America’s relationship with Egypt took off in the late 1970s, in the wake of the Yom Kippur War, when President Anwar Sadat cut off ties with his Soviet suppliers and—still needing the support of some superpower—switched to the West’s agenda, even going so far as to sign a peace treaty with Israel (a move that may have got him assassinated). Egypt soon became the second-largest recipient of U.S. military aid (topped only by Israel), one result of which was the tight relationship between U.S. and Egyptian military officers, which continues to this day.

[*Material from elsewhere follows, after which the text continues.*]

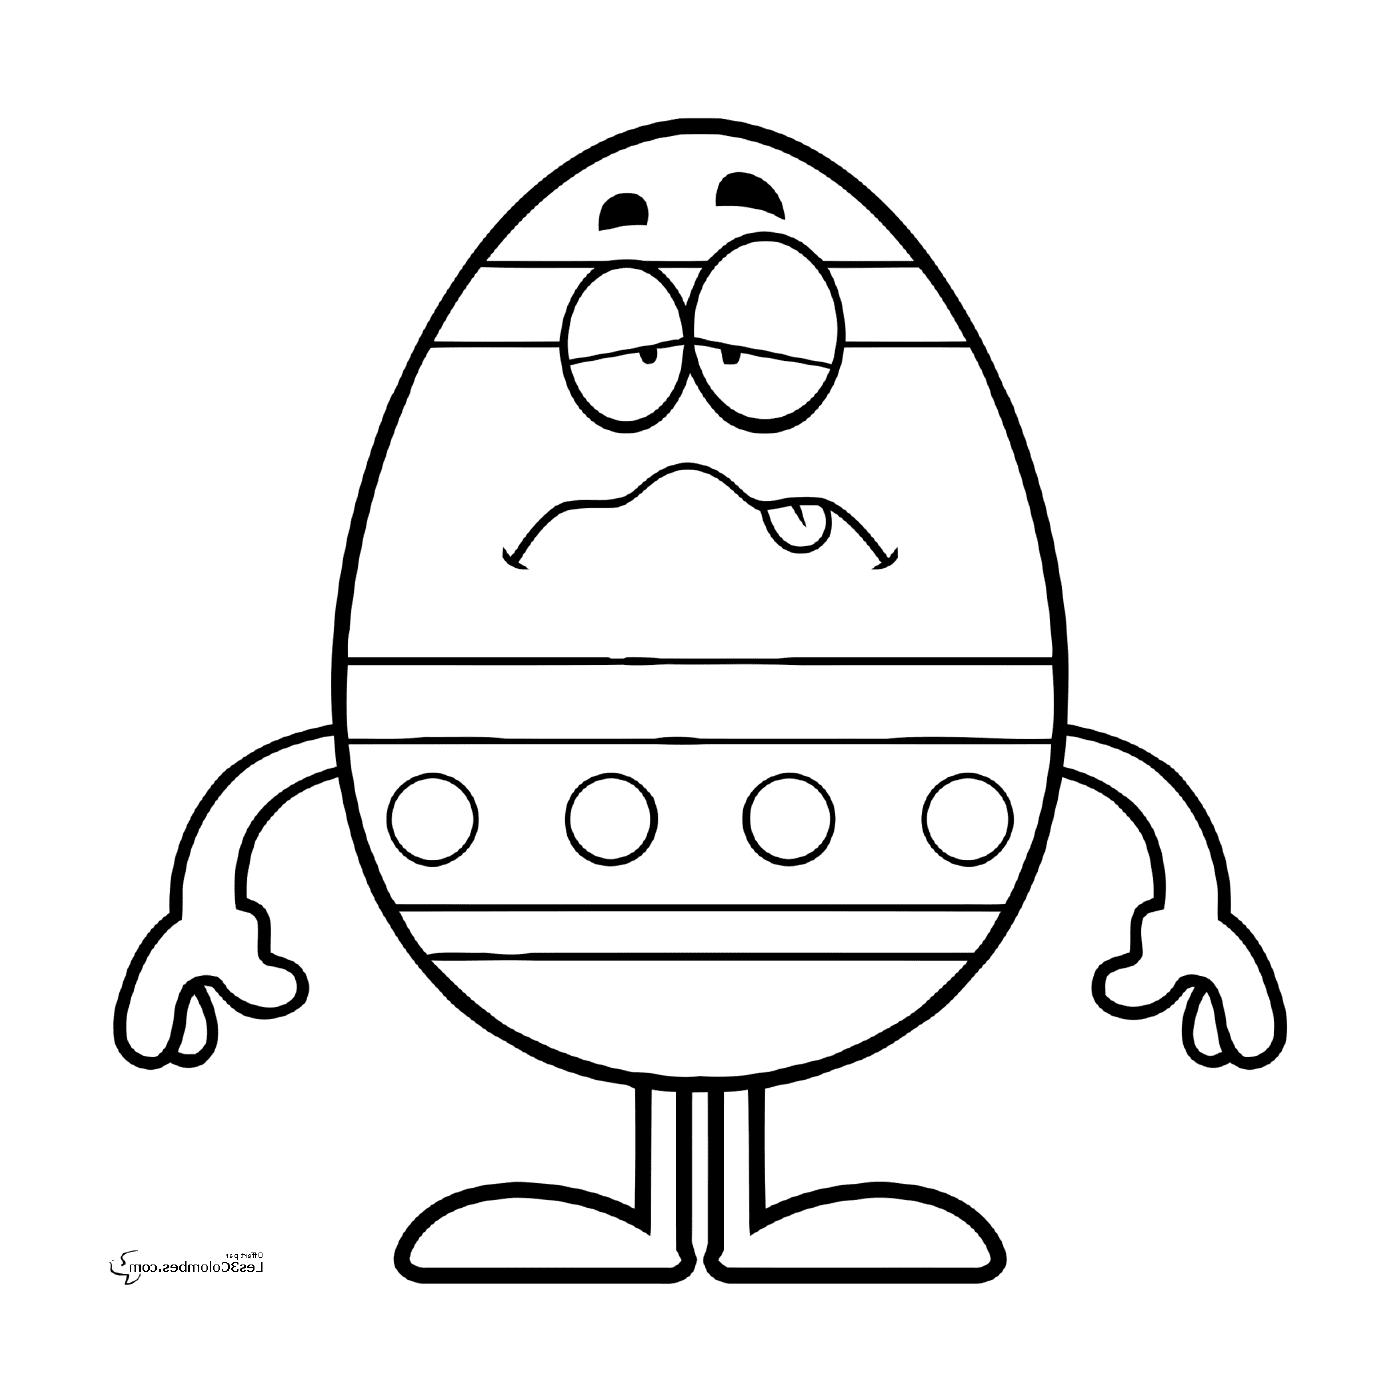  Pasqua 196, un uovo di Pasqua triste

However, because the Cold War is over, very different dynamics drive the politics of the Middle East, and while relations with the United States are an important factor in Egyptian politics, they are far from the only factor, not even in strictly monetary terms. Within days of President Morsi’s ouster, the crowned heads of Saudi Arabia, Kuwait, and the United Arab Emirates—the leaders of the region’s anti-Islamist alliance—agreed to give Egypt a total of $12 billion in grants and loans (eight times the amount of U.S. aid this year).

This points to the fallacy of McCain’s thinking in particular. If the United States pulled its aid, it would be a hardship for Egypt, but it wouldn’t be disastrous. (A bit of awkwardness here is that U.S. law requires cutting off aid to any foreign government that takes power through a military coup. This is why the Obama administration has devised lots of ways to avoid calling Morsi’s ouster a “coup,” even though that clearly is what it was.)

The fact is, if Washington wants to maintain some influence in Cairo, if U.S. officials and generals and potential investors want someone in Egypt to pick up the phone when they call, they have to ante up.